Research conducted at Purdue University by Maria Brann, assistant professor of communication studies at West Virginia University, and Marifran Mattson, associate professor of communication at Purdue, shows patient privacy is breached when hospital employees talk about patient cases in public areas, such as the cafeteria, or with people outside of work. The researchers' paper appears in the spring issue of the journal Health Communication."

Thanks to the Science Blog for this link.

Wednesday, June 09, 2004

Article: For Sale by Public Auction -- Juicy Laptop Secrets

Yet another story about personal and commercial information left on hard-drives sold at auction:

Yahoo! News - For Sale by Public Auction -- Juicy Laptop Secrets:

"... In all, the firm's technicians were able to pull sensitive details from 70 of the 100 machines it bought.

In one case, it obtained a particularly vulnerable hard drive from online auction site eBay that apparently once belonged to one of Europe's largest insurance companies.

On the hard drive were current details of customers' pension plans, payroll records, personnel details, login codes and administration passwords for the company's Intranet site. Home addresses, telephone numbers and dates of birth of customers were also listed in 77 Microsoft Excel files, the company said. ..."

Tuesday, June 08, 2004

Article: Think before you text

Years later, cell phone text messages can come back to haunt you. According to CNN.com, ancient text messages may be ordered to be produced as evidence in the Kobe Bryant trial (see below).

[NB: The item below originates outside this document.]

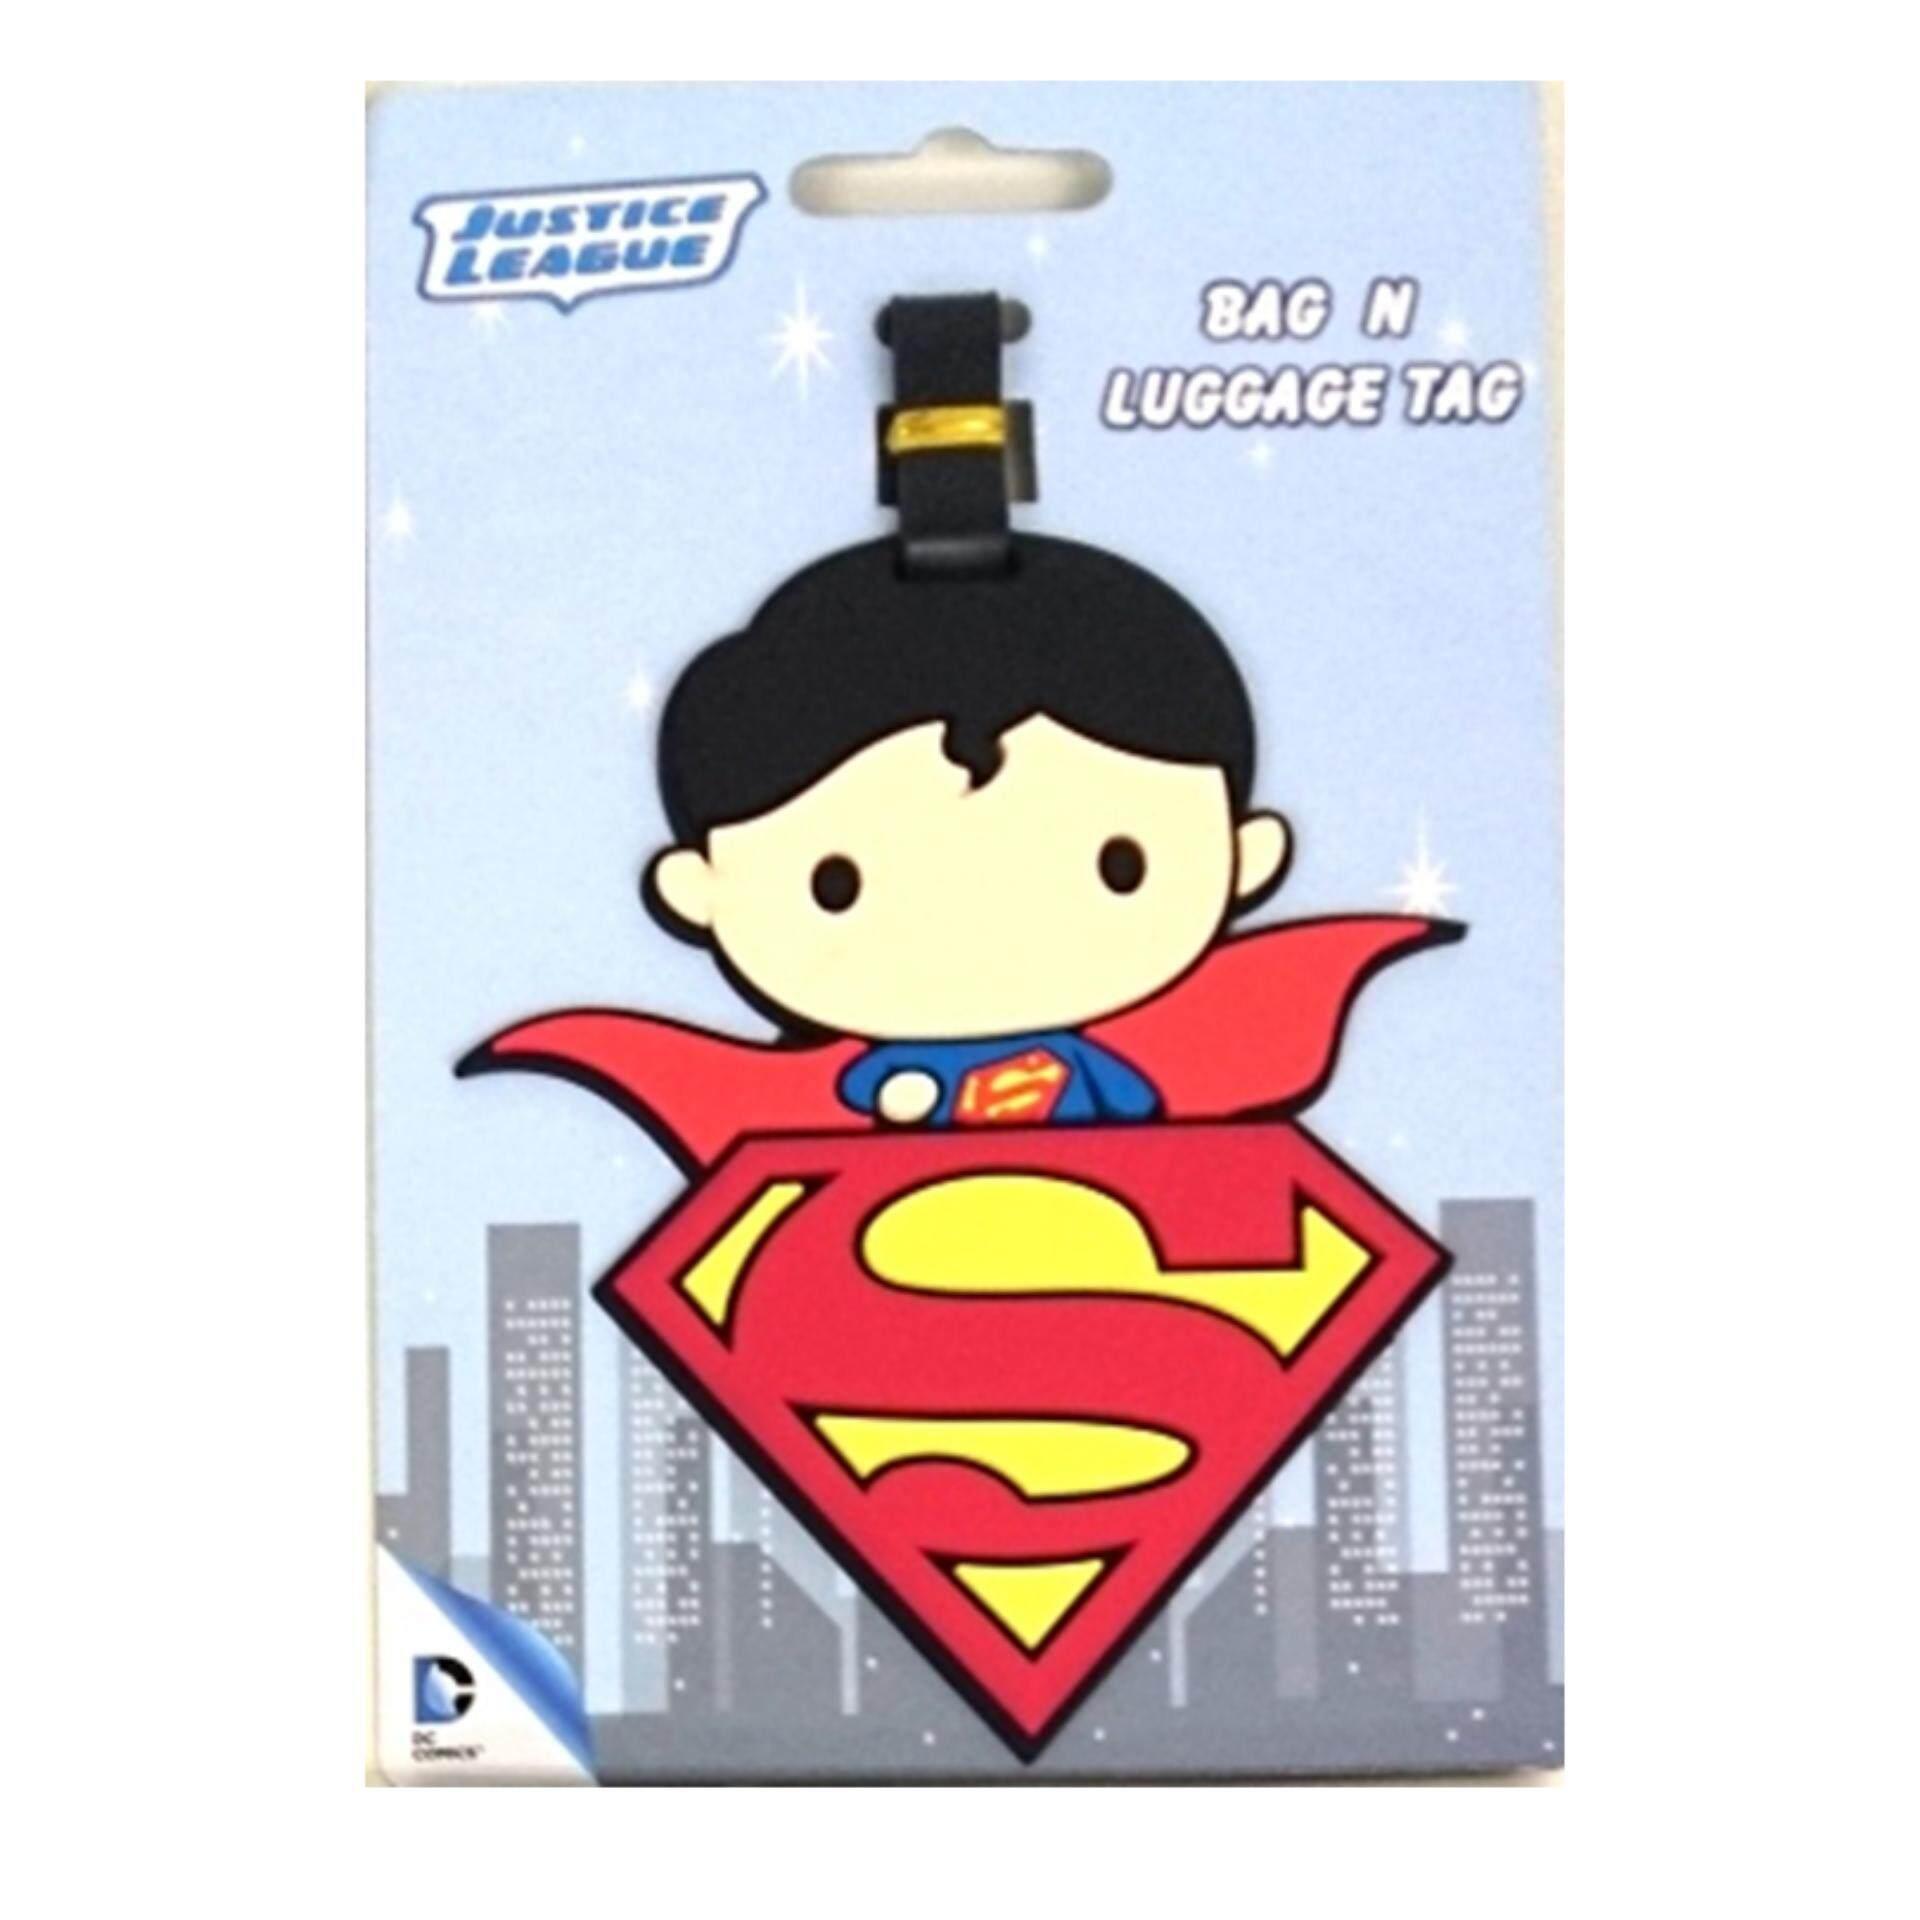 DC Comics Justice League Luggage Tag - Chibi Superman

These messages "tend to be saved on servers."

Canada's federal privacy law, PIPEDA, has applied to telecom companies since 2001. One of the principles of the law is that information can only be retained for as long as is reasonable for the purposes for which the information was collected:

4.5 Principle 5 -- Limiting Use, Disclosure, and Retention

Personal information shall not be used or disclosed for purposes other than those for which it was collected, except with the consent of the individual or as required by law. Personal information shall be retained only as long as necessary for the fulfilment of those purposes.

4.5.2

Organizations should develop guidelines and implement procedures with respect to the retention of personal information. These guidelines should include minimum and maximum retention periods. Personal information that has been used to make a decision about an individual shall be retained long enough to allow the individual access to the information after the decision has been made. An organization may be subject to legislative requirements with respect to retention periods.

4.5.3

Personal information that is no longer required to fulfil the identified purposes should be destroyed, erased, or made anonymous. Organizations shall develop guidelines and implement procedures to govern the destruction of personal information.

It would seem that Canadian telcos should not be retaining these messages indefinitely. Of course, "should" and "do" are two entirely different matters... Beware what you text, it may come back in civil or criminal proceedings.

The CNN story on the Bryan trial is here:

CNN.com - Think before you text - Jun 7, 2004:

"DENVER, Colorado (AP) -- A few hours after NBA star Kobe Bryant had sex with a Vail-area hotel worker last summer, the woman exchanged cell phone text messages with a former boyfriend and someone else.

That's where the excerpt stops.